The man bought all that his step-daughters wanted and, as he rode back home, a hazel twig brushed his hat. So, he broke that off and brought it for Cinderella.
Cinderella planted the twig at her mother’s grave and wept. Her tears watered the twig and soon a lovely hazel tree stood there. A white dove came to the tree and whenever she wished for something, the dove would give it to her.
One day, they heard that the King was holding a celebration at the palace for three days. Everyone was invited so that the Prince might choose a bride from among the maidens who came.
The step-sisters were delighted and were certain that he would select one of them. So, they ordered Cinderella to lay out their best clothes and polish their shoes. Cinderella asked wistfully whether she too could go to the celebration, but they laughed.
“Just look at you! Dirty and dusty! Covered with ashes!” they mocked.
Her step-mother told her that she had scattered a bowl of peas among the ashes. “If you can pick them up in two hours, you may come with us,” she said.
Cinderella prayed and called to all the birds to help. With a flutter many birds came down. They picked up all the peas and put them in a bowl. The step-mother was irritated that Cinderella finished her task in an hour. So, she told her she couldn’t come as she was too dirty and had no clothes fit for the dance. Instead, she flung two more bowls of peas into the ashes and told her to pick them.

Her step-mother and sisters went off to the dance, dressed in beautiful clothes. Cinderella ran to her mother’s grave and wept under the hazel tree. She called out, “Shake and quiver, little tree, Gold and silver over me!”
And the white dove on the tree threw a beautiful shimmering dress over her with silken slippers to match. Off went Cinderella to the dance!

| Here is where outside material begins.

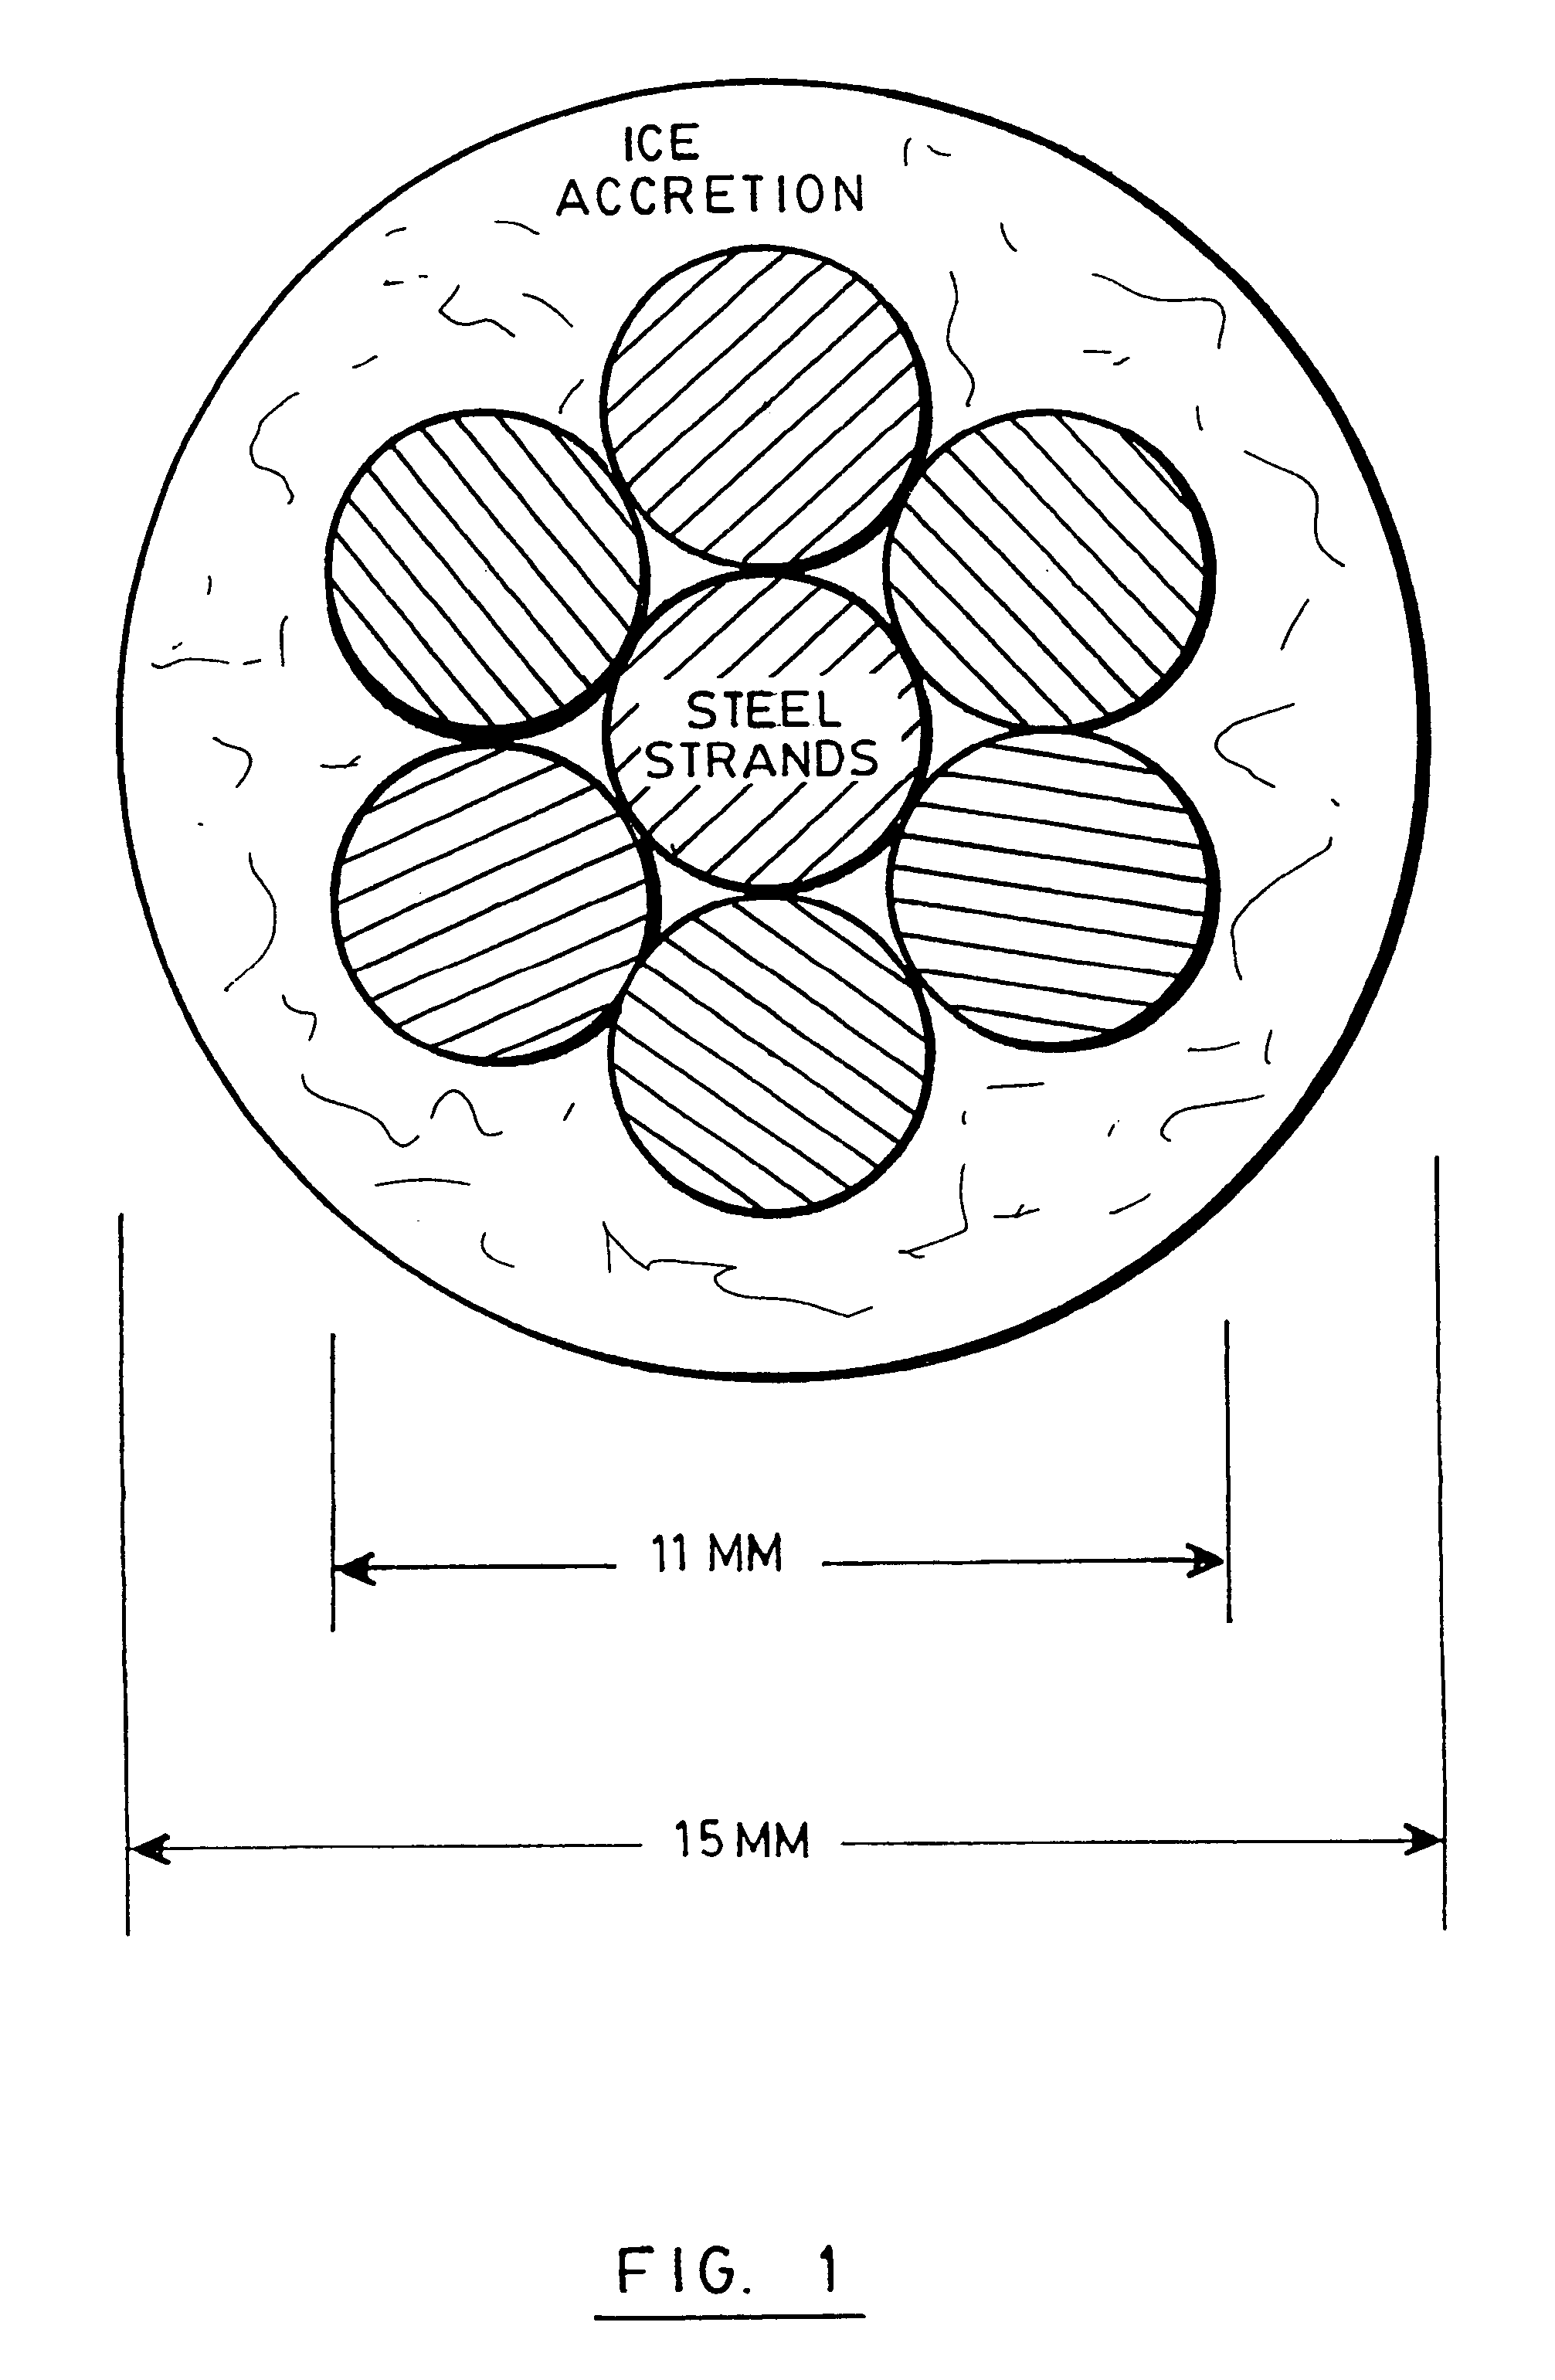 Method and apparatus for breaking ice accretions on an aerial cable

The Prince was fascinated seeing the lovely girl in the shimmering dress and danced only with her. The step-sisters watched enviously, but did not recognize Cinderella. They had left her to pick peas from the ashes!
As evening fell, Cinderella wished to leave, so the Prince escorted her back. But she escaped through the pigeon coop to her mother’s grave where her old ragged dress waited for her. She flung off the shimmering dress and the white dove took it away.


The Prince, looking for her near the pigeon coop, was seen by Cinderella’s father. But they couldn’t see her anywhere. Her father wondered if it was Cinderella, but when he and the others looked, they found her curled up in the dirty ragged dress among the ashes on the hearth, fast asleep, with two bowls of peas beside her.
The next day, the same thing happened again. Cinderella came in another fabulous dress with silver slippers to match. Once again, she escaped into her father’s garden and the Prince searched for her under a pear tree. But neither he nor her father could find the girl with the fabulous dress. They only saw dirty little Cinderella sleeping among the ashes.
The Prince knew that he would lose her if he did not find out who she was. So on the third day, he had pitch smeared all over the stairs to the ballroom, so that when she ran away, she might be stuck.
That night, Cinderella came in a dress of gold lace with matching golden slippers. But as she ran away, one shoe was stuck in the pitch on the stairs. The Prince ran down, but alas! He found only one dainty golden shoe on the steps.
He went to Cinderella’s father with the shoe and asked him about the girl.
“She was wearing this shoe, Sir,” he said, “Is there anyone in your house whom this shoe would fit?”


The step-mother asked her elder daughter to try it on. But her toe was too large, so her mother cut it off and pushed her foot into the shoe. But the birds on the hazel tree said she was not the right bride. The Prince saw the blood on the shoe and refused to marry her. The step-mother then pushed the younger daughter’s foot into the shoe, cutting off her heel. But again, the birds revealed that she was not the right bride.
Then the Prince asked if there was any other girl in the house. Cinderella’s father brought the dirty, dusty girl from inside. The Prince found that the shoe fitted her perfectly. As he looked at her in amazement, he found that she was indeed the same girl with whom he had danced!


The doves came and threw the shimmering golden dress over her. The Prince took her up on his horse and took her to his castle to marry her. The dove flew down to sit on her shoulder as they rode away.